▶ GOAL OF THE EXERCISE:
Please copy the lines below, exactly as they are, from the one with "LED - Front- Heck- Seitenblitzer" through the one with "Impulzná hadička pre", and leave out the pictures.

▶ SUPPLIED RECORDS:
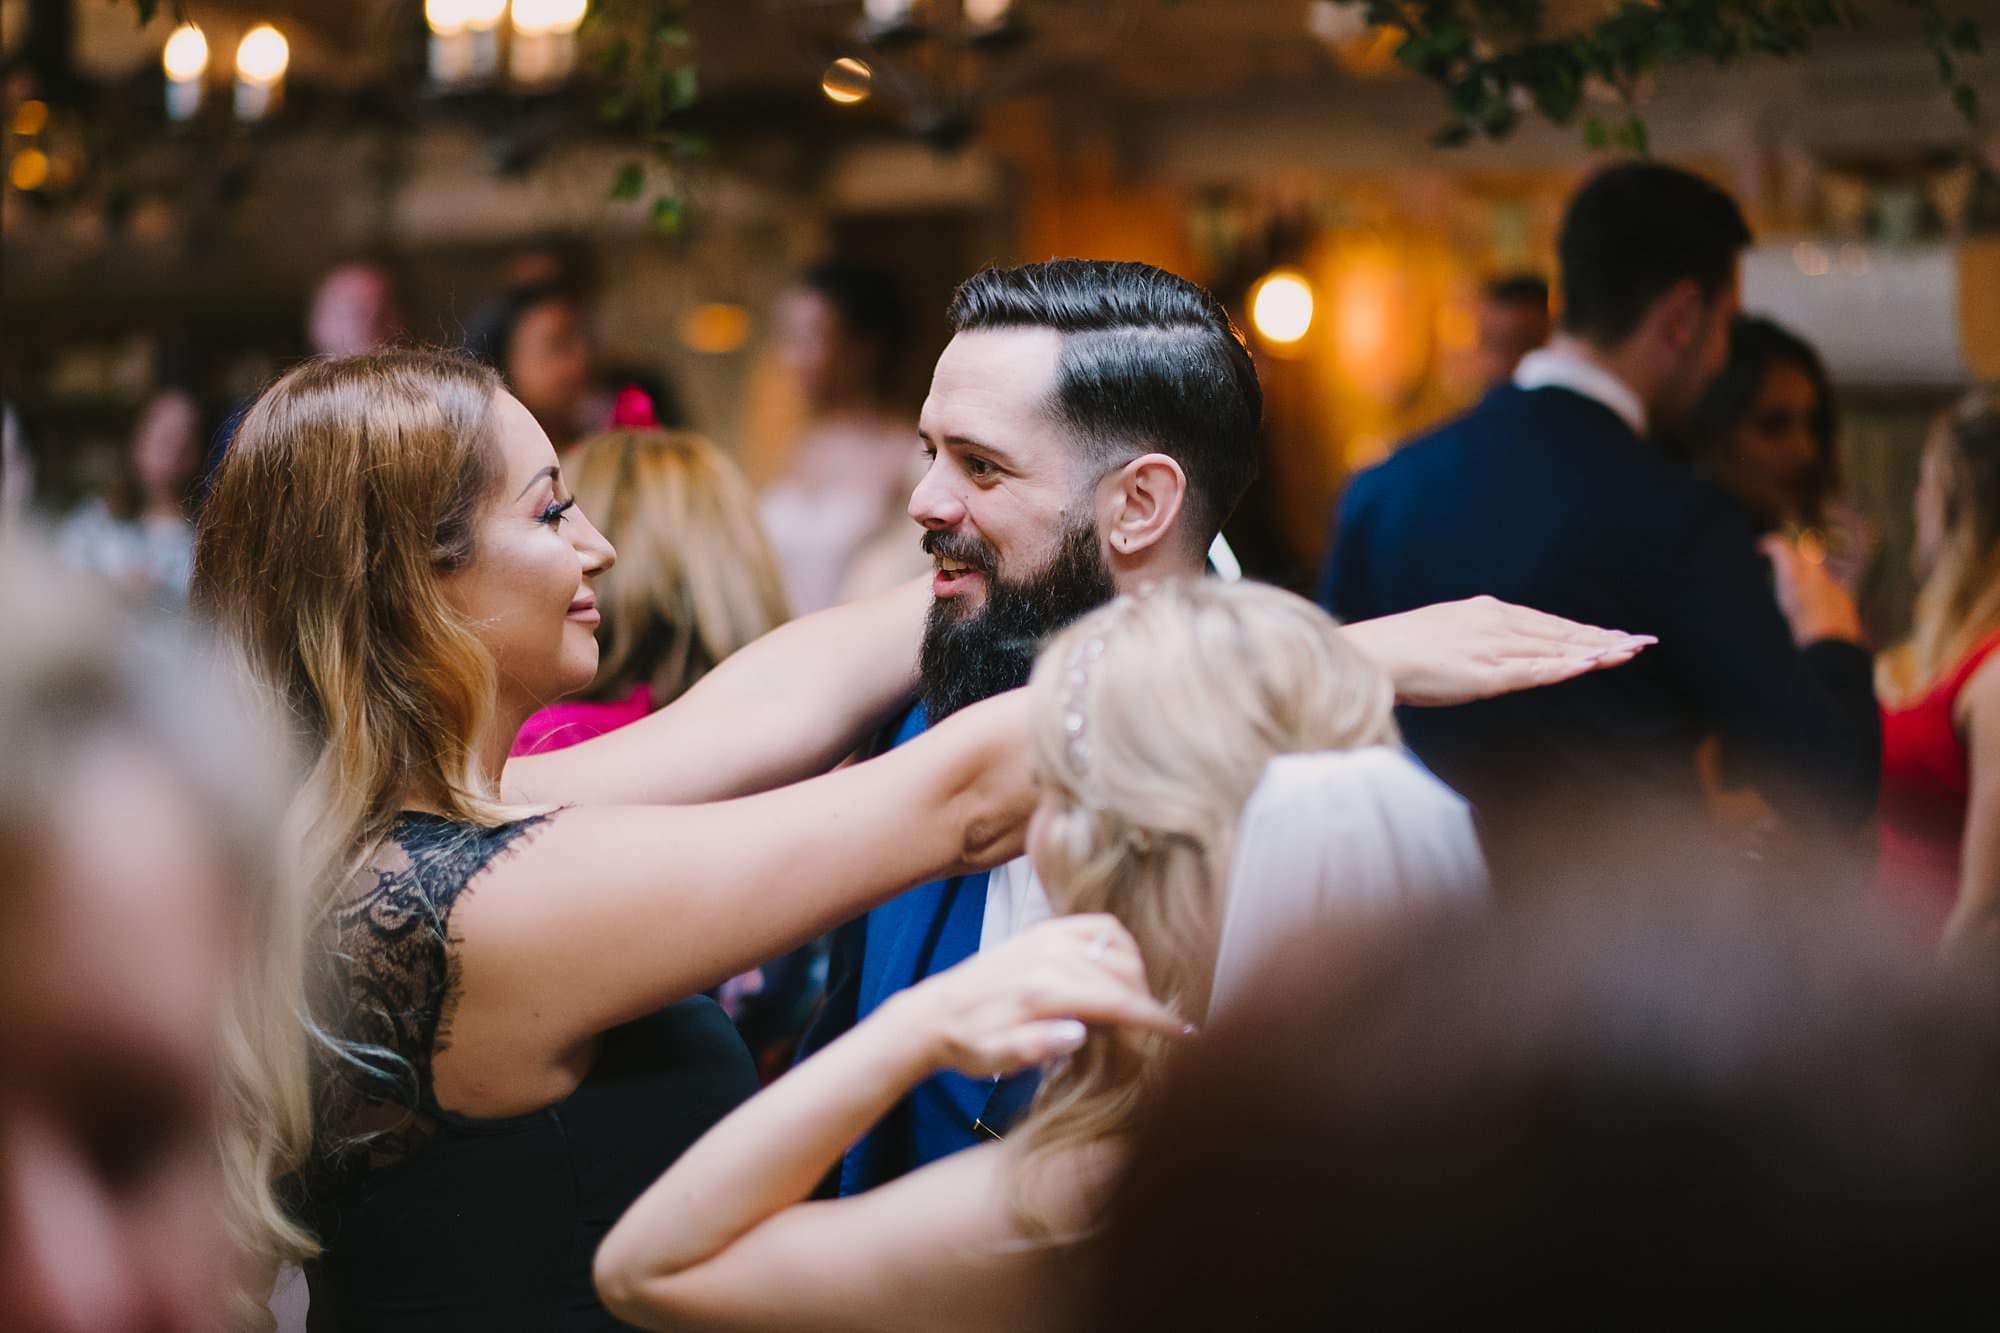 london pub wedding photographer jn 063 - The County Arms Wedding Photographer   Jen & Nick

==

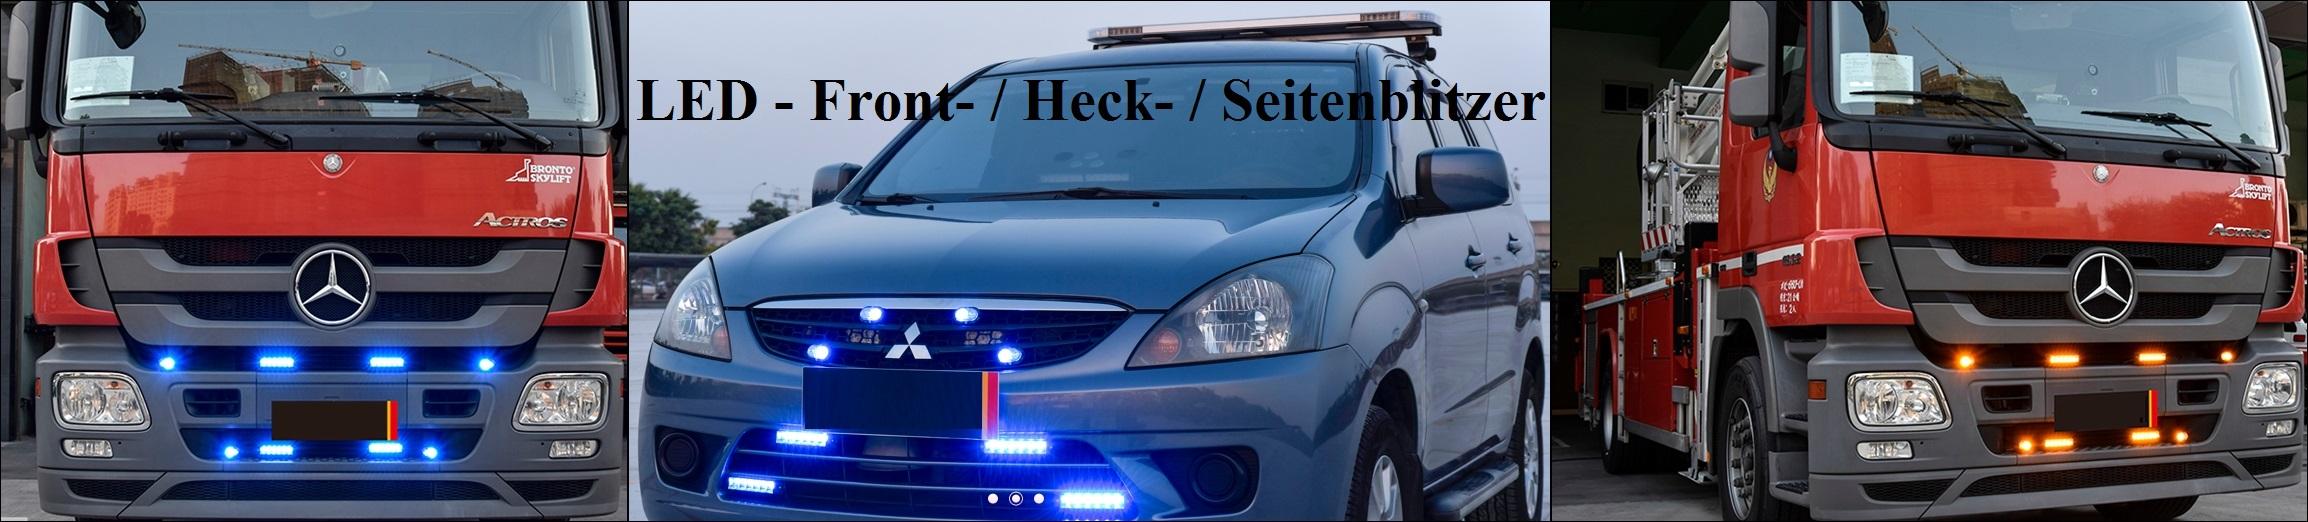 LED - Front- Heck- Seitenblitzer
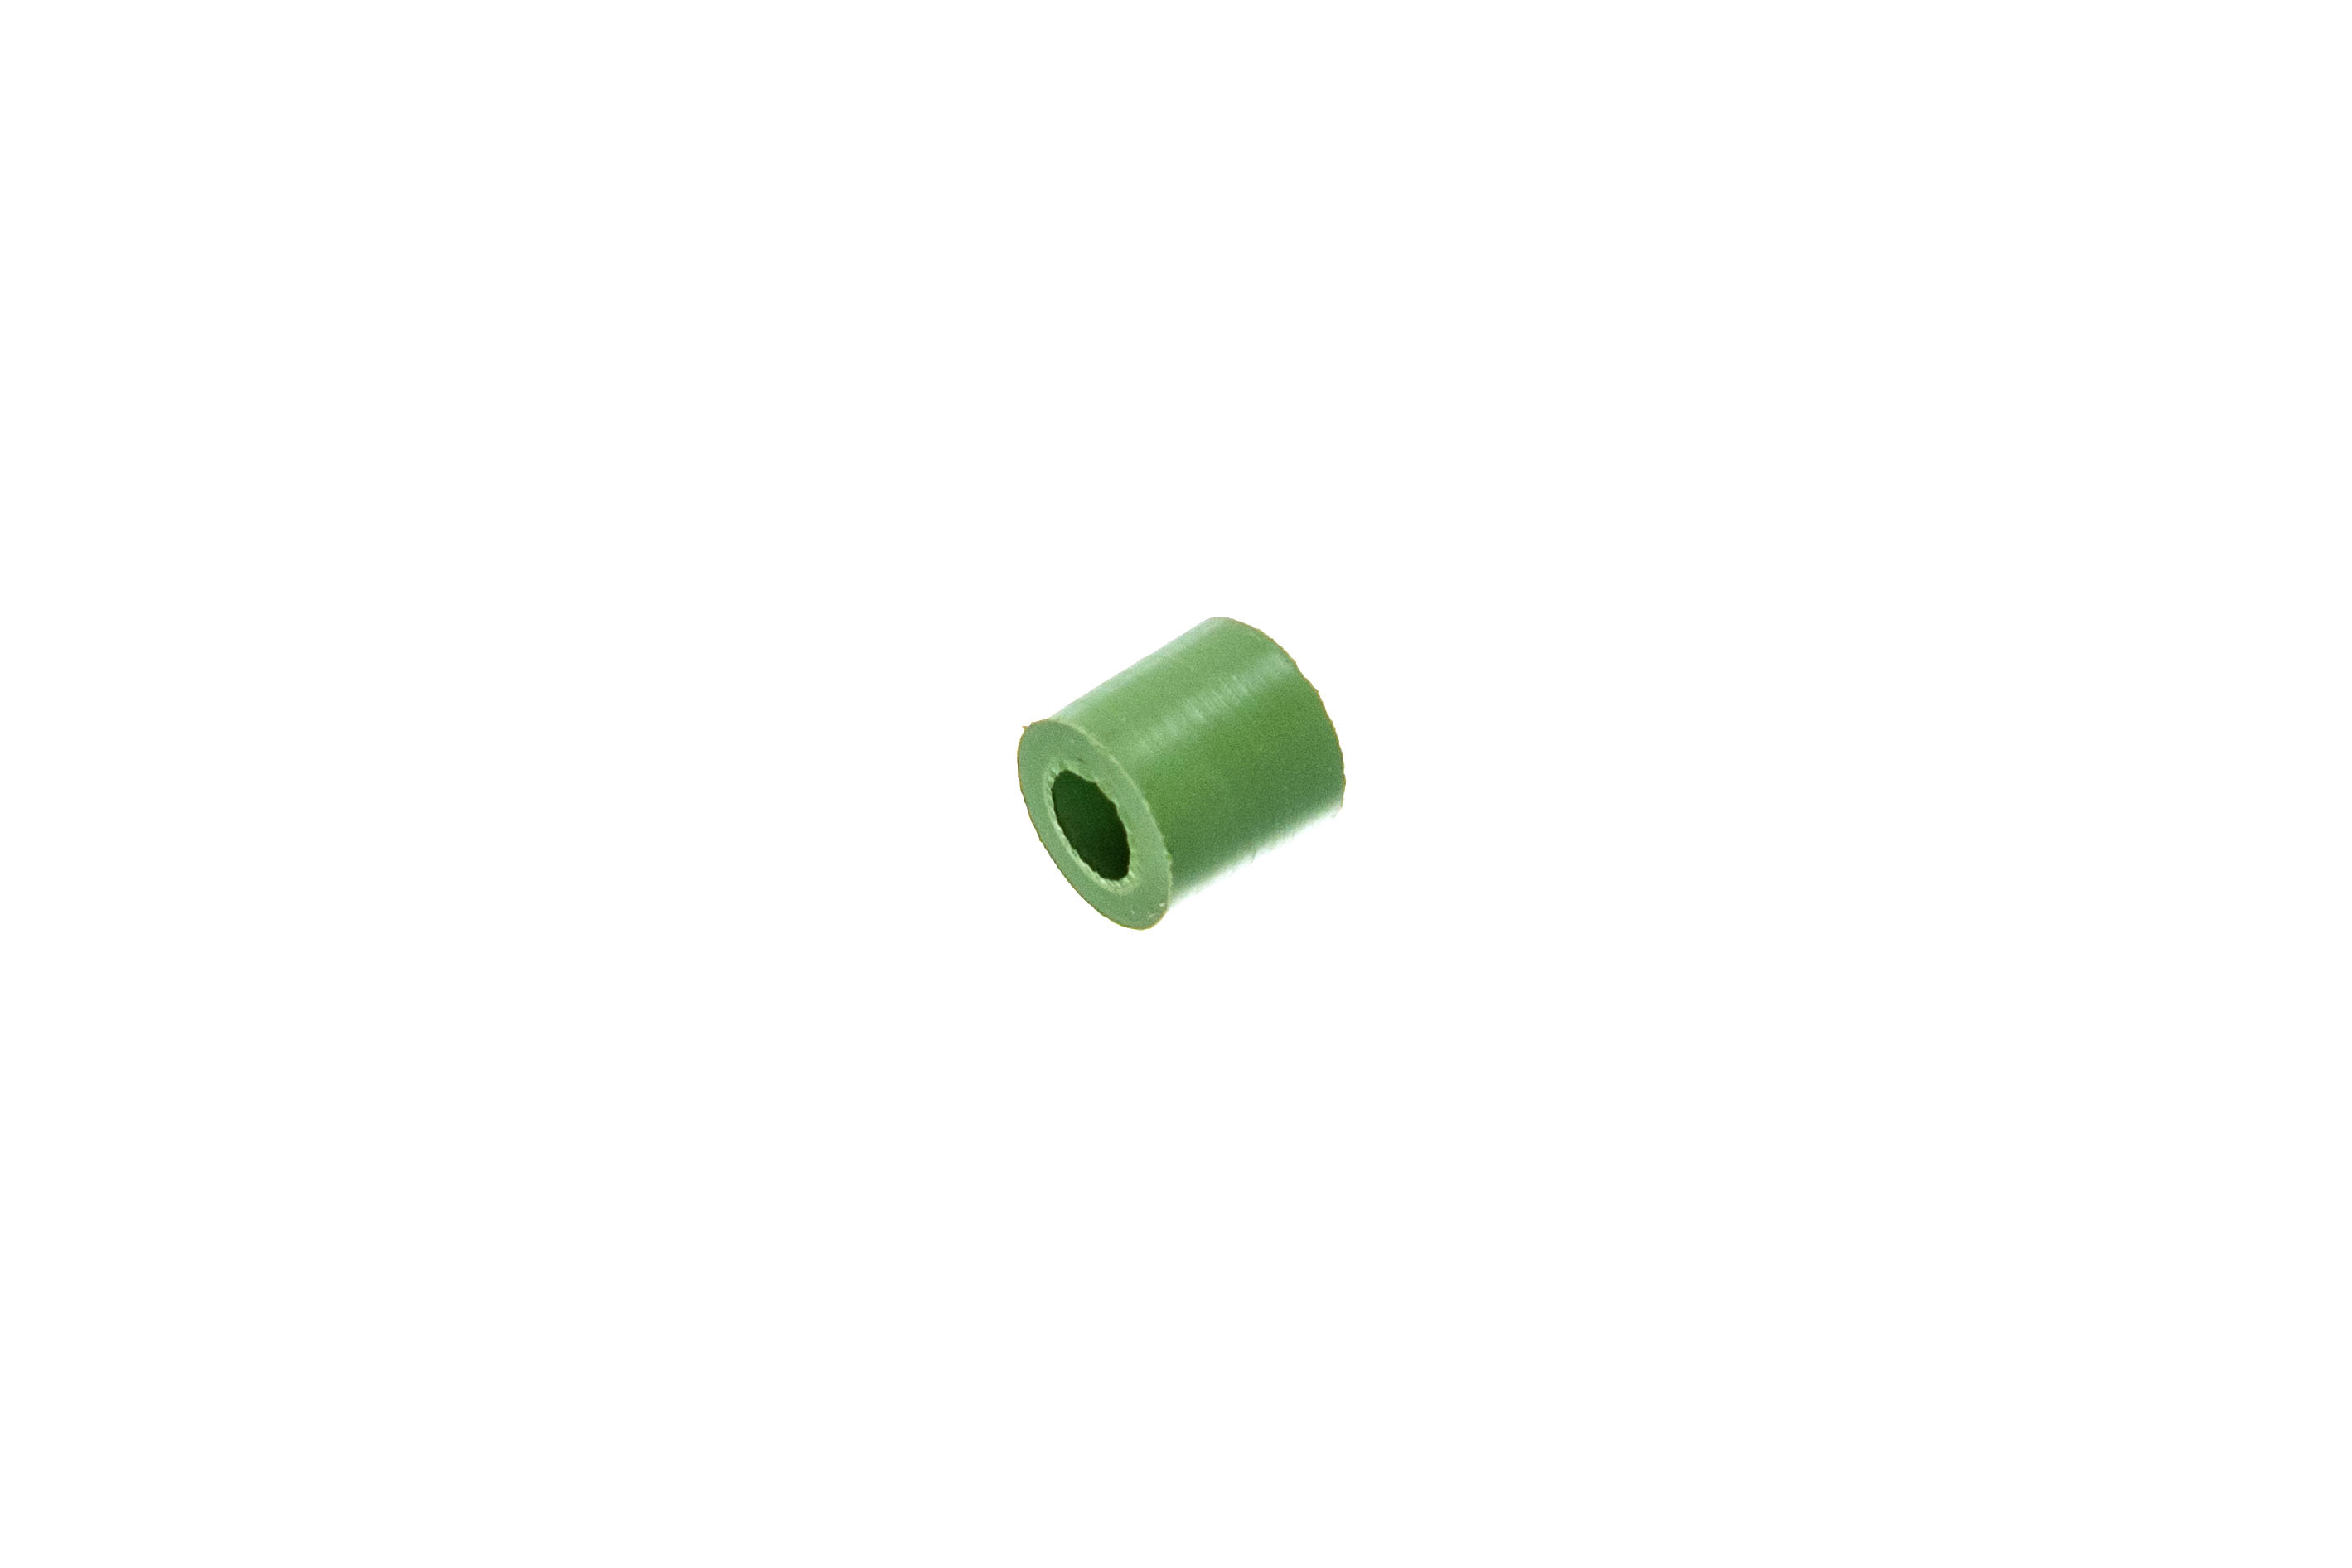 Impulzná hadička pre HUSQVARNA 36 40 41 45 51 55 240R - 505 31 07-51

▶ RESULT OF THE TASK:
 LED - Front- Heck- Seitenblitzer
 Impulzná hadička pre HUSQVARNA 36 40 41 45 51 55 240R - 505 31 07-51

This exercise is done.